* _Provided data_
□ □ □ □

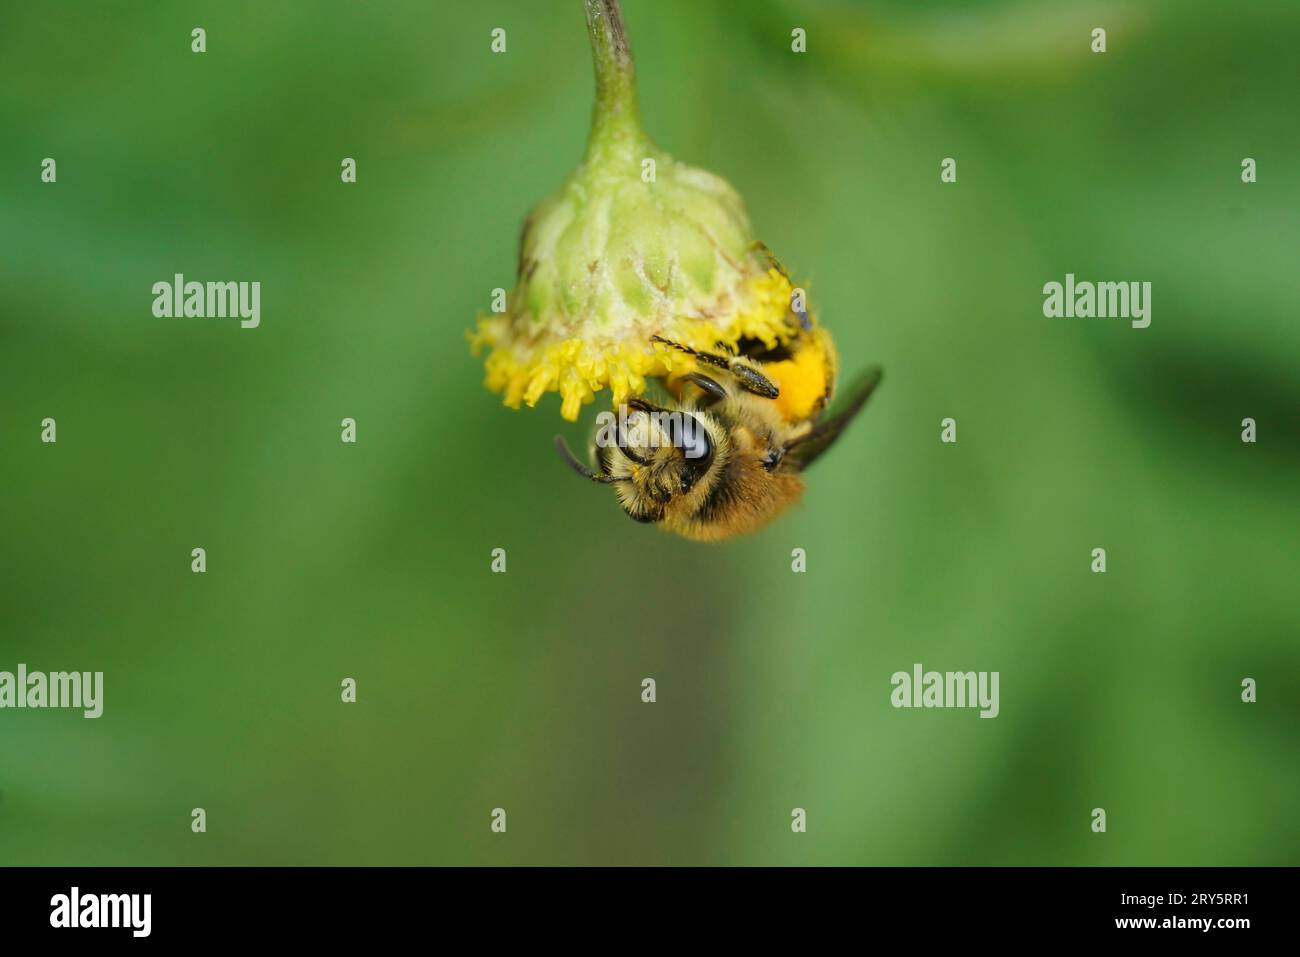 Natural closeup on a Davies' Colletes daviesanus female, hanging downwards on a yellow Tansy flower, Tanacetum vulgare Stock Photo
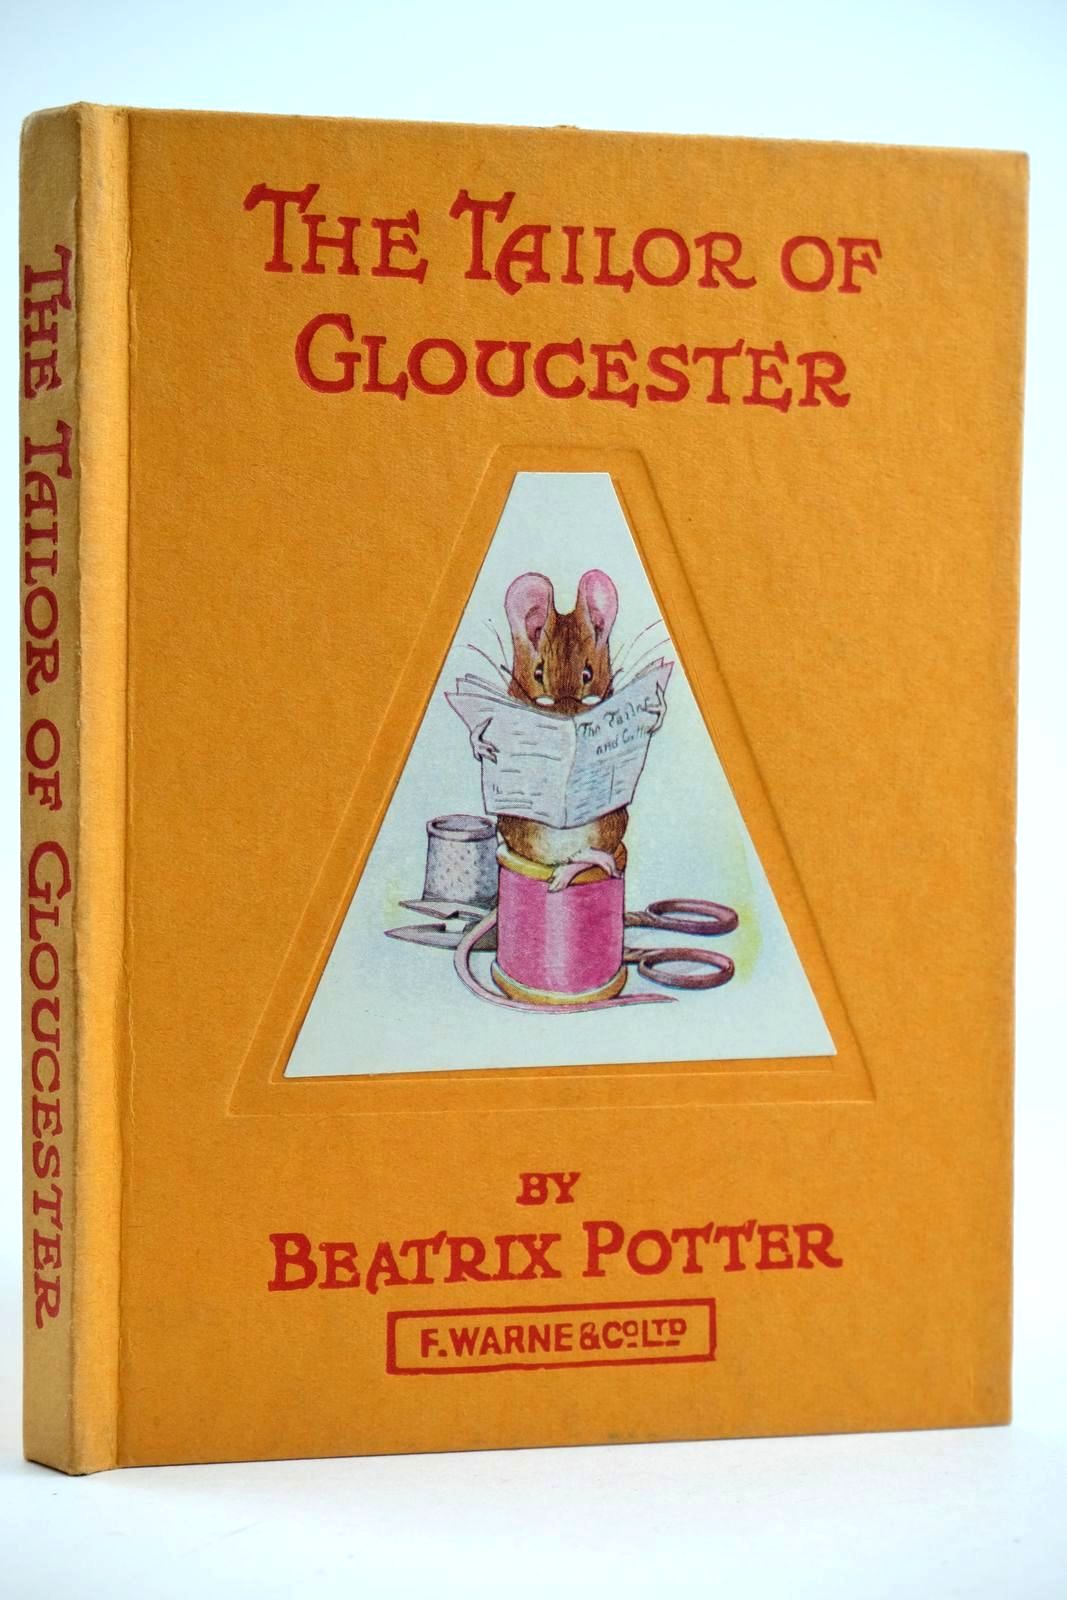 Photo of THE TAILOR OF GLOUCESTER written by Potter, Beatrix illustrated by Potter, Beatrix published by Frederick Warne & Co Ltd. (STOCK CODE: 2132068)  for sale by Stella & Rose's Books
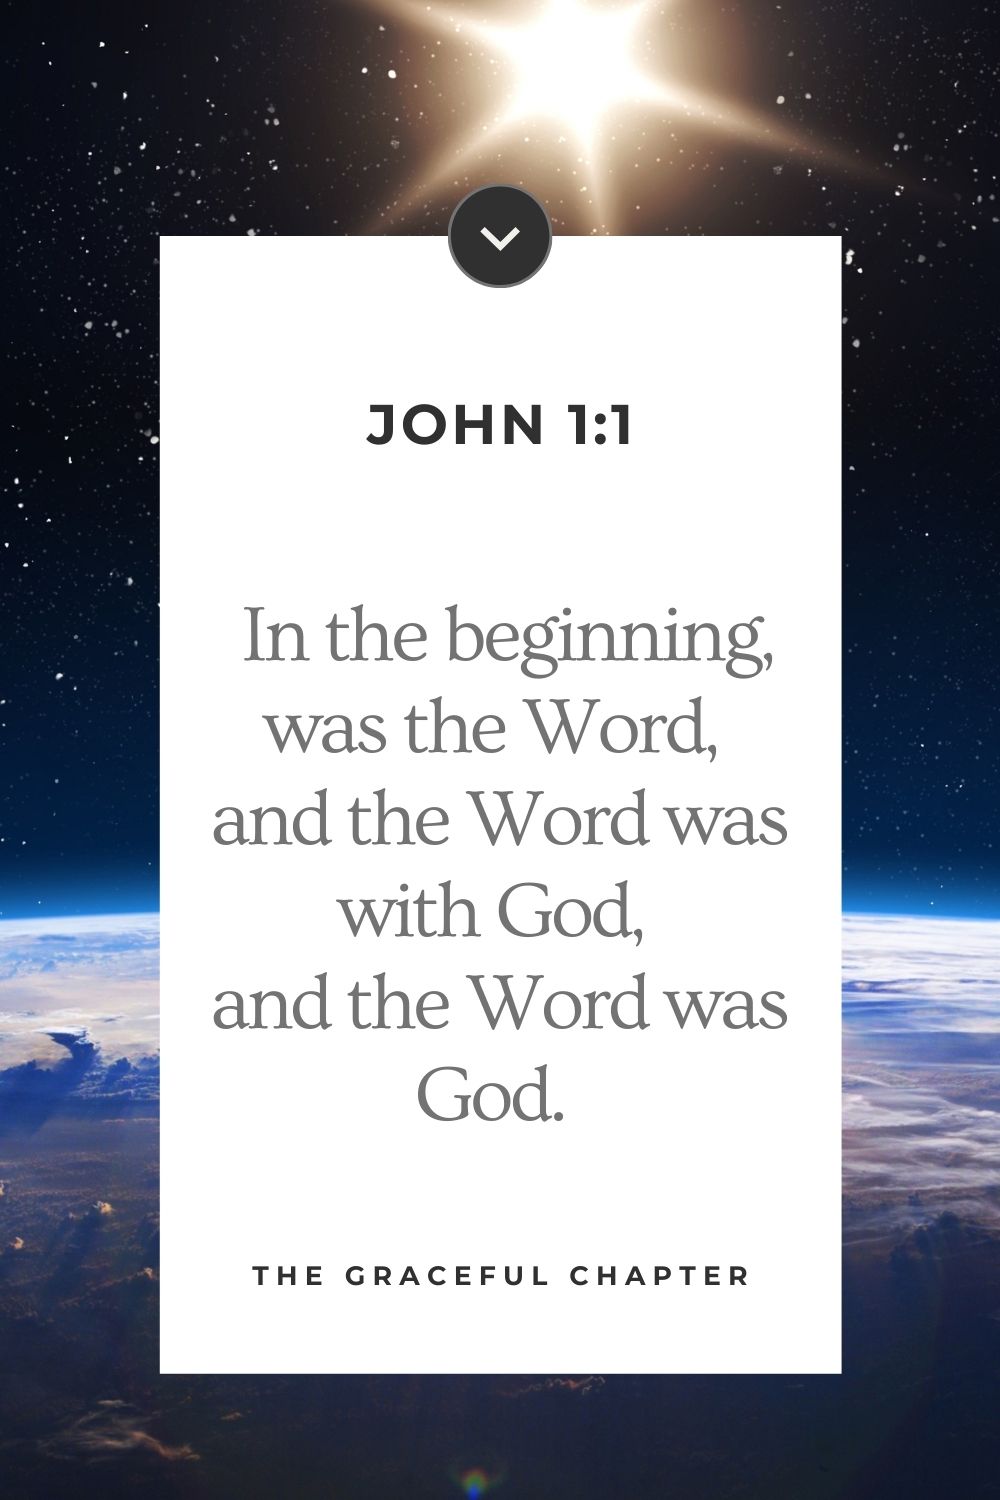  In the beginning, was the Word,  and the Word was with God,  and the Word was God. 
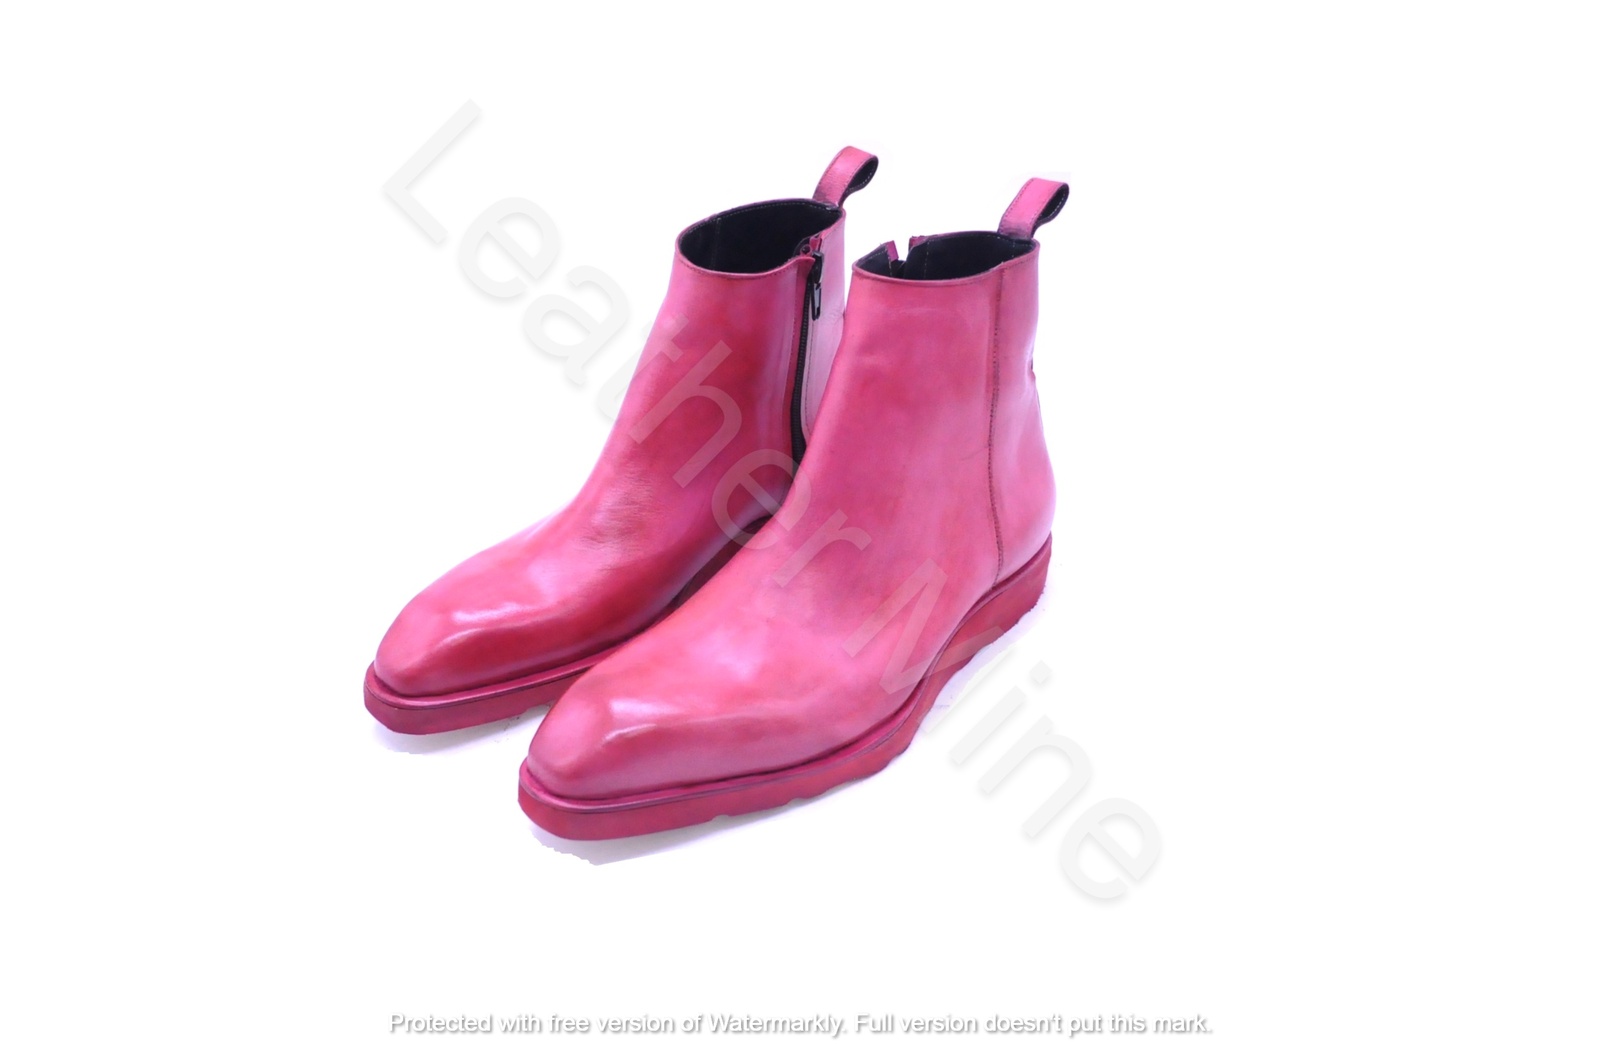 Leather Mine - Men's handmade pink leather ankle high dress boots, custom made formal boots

□ □ □ □

* _What you need to do_
Write every line of the data out again exactly, leaving out all images.

* _Exercise solution_
 Natural closeup on a Davies' Colletes daviesanus female, hanging downwards on a yellow Tansy flower, Tanacetum vulgare Stock Photo
 Photo of THE TAILOR OF GLOUCESTER written by Potter, Beatrix illustrated by Potter, Beatrix published by Frederick Warne & Co Ltd. (STOCK CODE: 2132068)  for sale by Stella & Rose's Books
  In the beginning, was the Word,  and the Word was with God,  and the Word was God. 
 Leather Mine - Men's handmade pink leather ankle high dress boots, custom made formal boots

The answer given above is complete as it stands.